Day initially left the territory for St Maarten on February 26 while he awaits a new work permit after switching jobs. A week later, the COVID-19 pandemic made its way to territory; resulting in the BVI closing its borders and government departments closing due to the imposed curfew lockdown.
Speaking to BVI News nearly four months following a previous interview, Day who is a carpenter by profession explained that he has been taking the recommended measures to have his new work permit processed, but was constantly getting the runaround.
These efforts according to Day included contacting the Minister for Labour & Immigration Vincent Wheatley and the Chief Immigration Officer Ian Penn.
He said: “My employer is contacting Mr Wheatley shortly. He has to get permission from him first before I can put any paperwork in for my work permit. It will be the third time I have done this, the last time I was told to contact Immigration and Mr Penn. They then sent me to Labour, who then again sent me back to Immigration and so forth. It’s getting tiring.”
With no other avenue available, Day said he wrote to the then Minister for Overseas Territories Elizabeth Sugg as his last hope of desperation to see what could be done in his case.
“The basis of the email to the minister was just to explain my situation and the fact that I was getting no constructive response from the BVI government, rather being that I felt I was being ignored,” he said.
“I want to find out from them whether or not this was legal and based on humanitarian grounds, whether I was being victimized. I don’t know, I’ve got to try all avenues,” he explained.
The Josiah’s Bay resident who said he continues to pay rent for his apartment to date, explained that he has now nearly depleted all of his resources and is barely surviving while on St Maarten.
“I’ve managed to survive here in St Maarten because friends have helped me out — a food parcel here and there and a place to stay. But with no regular job, I have no money to care for myself. Literally zero dollars.”
“Last week I also ran out of food and had five days living off tea and sugar. Fortunately, a BVI friend is here who has helped me out this week,” he added.
Despite being a national of the United Kingdom, Day said he has not lived in the UK since 1997. After making the BVI his home for more than a decade, he said that all of his belongings are still in the territory. He has nowhere else to go.
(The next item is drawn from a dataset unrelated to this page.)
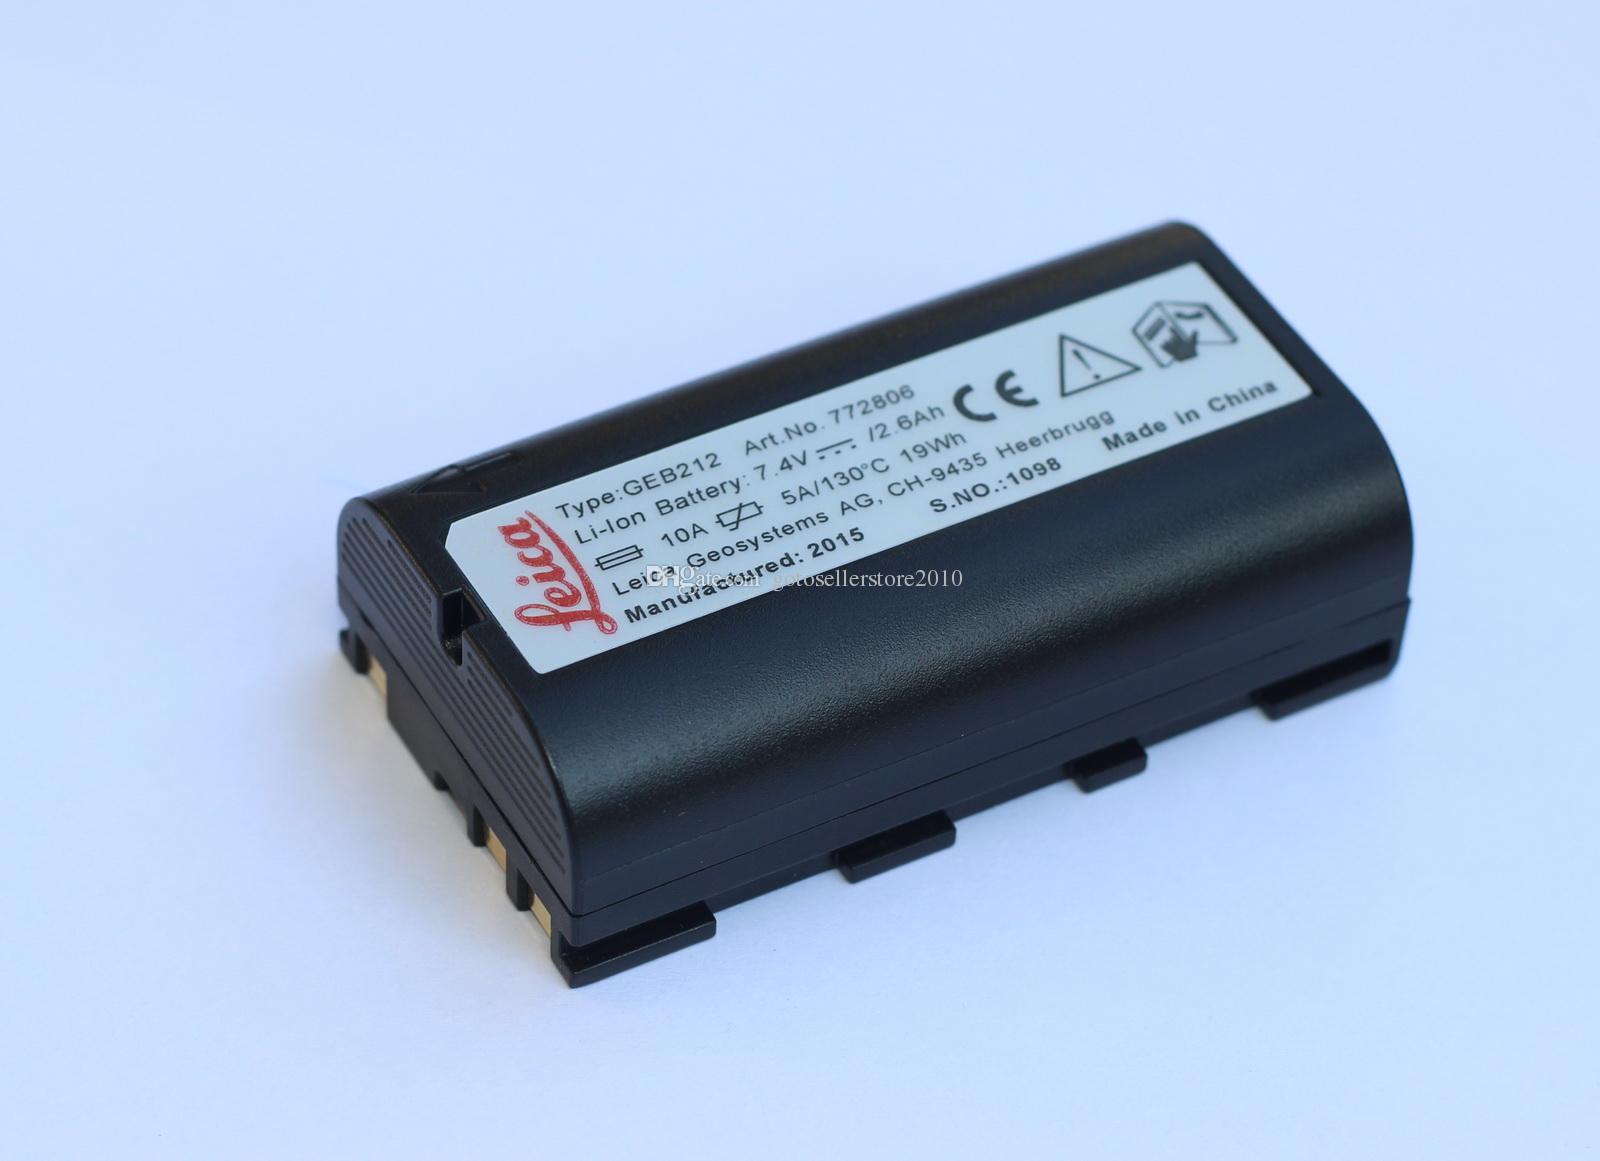 Perakende / Toptan Yeni GEB211 GEB212 Li-ion 2.6Ah pil Için leica ATX1200 RX1200 GPS1200 GRX1200 / GPS ücretsiz post kargo

“Worst case scenario is that if my work permit is denied, I will return in December sometime to organise my affairs and make arrangements to ship out all my belongings. To where? I haven’t yet worked out,” he dejectedly expressed.
Day is hoping that he receives some good news soon, as he continues to await a response from the relevant authorities.
Efforts to reach Labour & Immigration Minister, Vincent Wheatley has been unsuccessful.